On a glorious summer’s day, it was the only cloud on view.

But that was always what Serpentine Gallery directors Julia Peyton-Jones and Hans Ulrich Obrist promised.

The low-lying “cloud” is this summer’s pavilion at the Kensington Gardens gallery where every year since the year 2000 a different architect has been commissioned for the project.

Tokyo-based Sou Fujimoto, who at 41 is the youngest to accept the challenge, unveiled a light and airy design inspired in part by what he sees as a very Japanese affinity with nature. The structure is made from hundreds of 20mm-wide steel poles, creating a grid-like a digital matrix.

As in previous years, the pavilion will host a programme of events, including the annual fundraiser party, culminating in a marathon of talks on the closing weekend in October.
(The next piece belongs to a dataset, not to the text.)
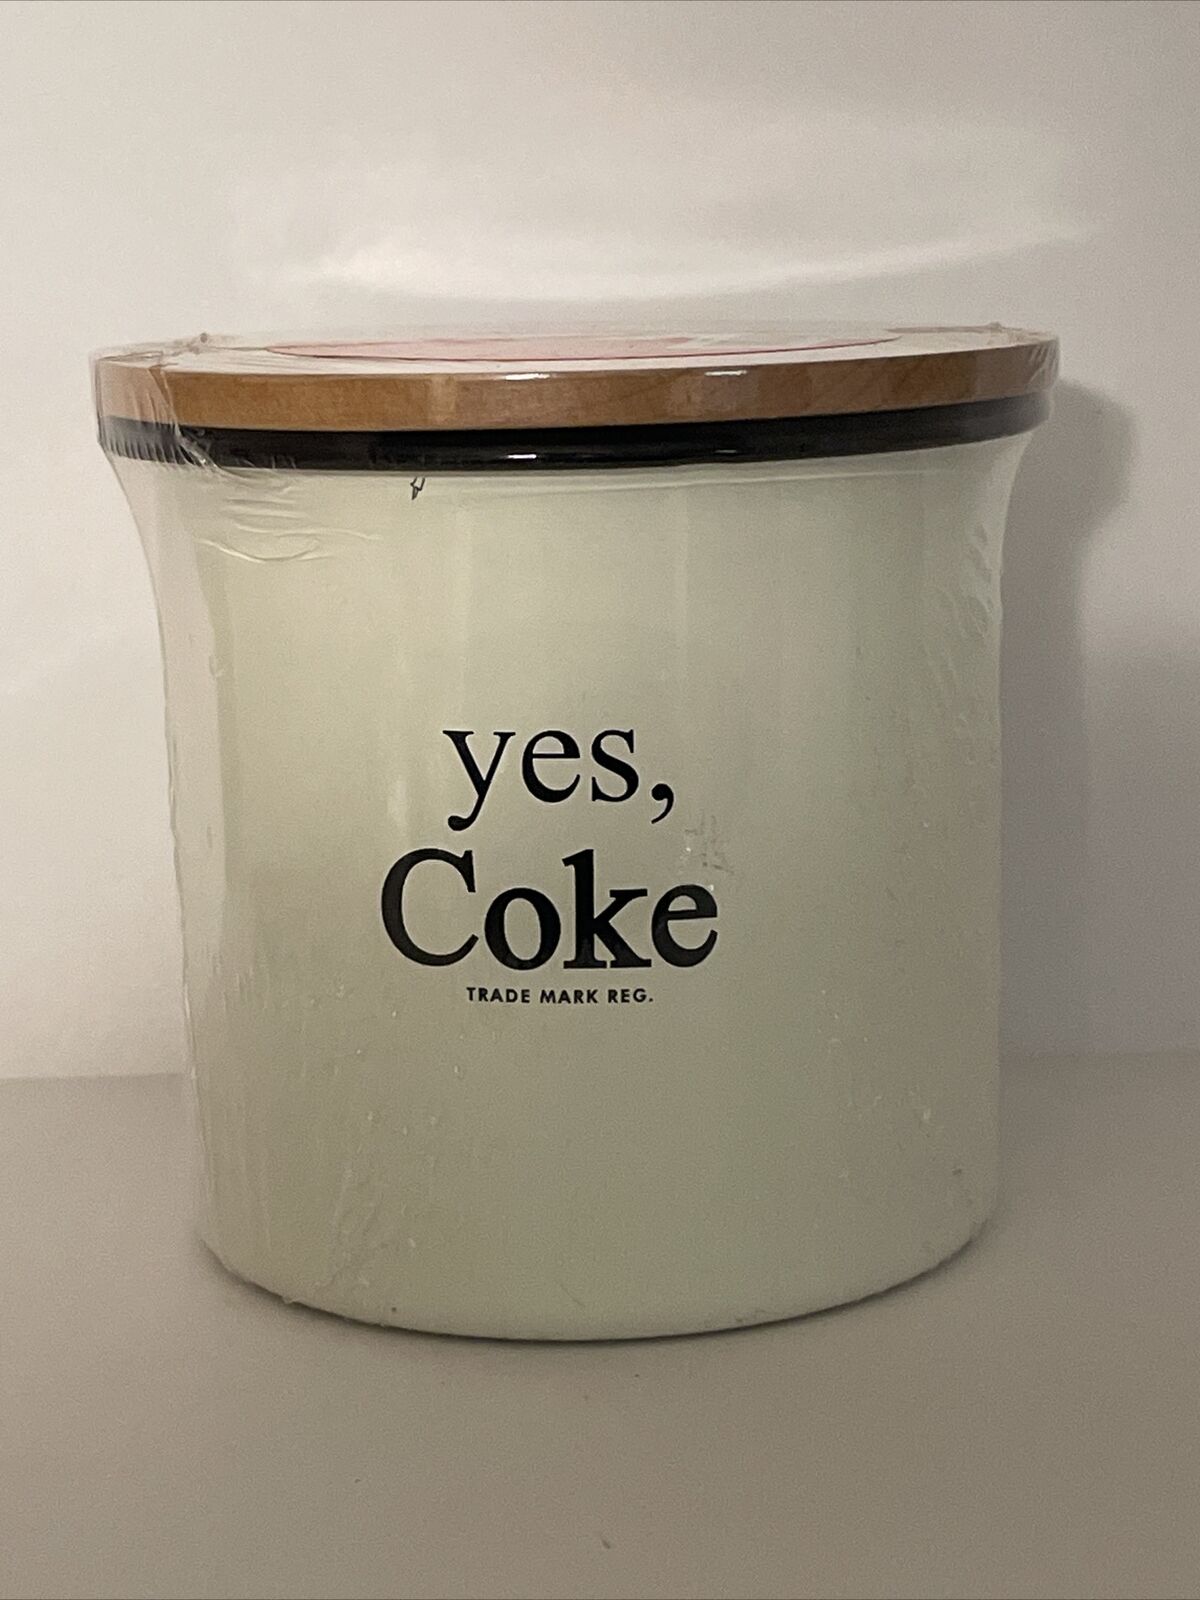 Yes Coke Enamel Canister Wood Lid Coca Cola BRAND NEW SEALED 20 Ounce

The gallery bosses see the pavilion design as an apt representation of one of the themes of this summer’s programme — the generation of artists born in or after 1989 and raised in the digital age.

Ms Peyton-Jones said Fujimoto’s structure was “a really remarkable thing” — even if it only truly resembles a cloud when seen from the main gallery roof. “It’s a kind of digital cloud, a very visible mass floating in the atmosphere,” she said. Fujimoto grinned as he surveyed his work. “It is really amazingly beautiful. And this morning the weather is amazing. We’re really lucky,” he said.

The pavilion project was one of the most interesting in architecture, he added, in giving architects who have not completed a building in Britain the chance to create a temporary landmark structure: “It was a great surprise that they contacted me. It’s big challenge.”

There have been two Japanese pavilions before — by Toyo Ito with Arup in 2002 and Kazuyo Sejima and Ryue Nishizawa four years ago.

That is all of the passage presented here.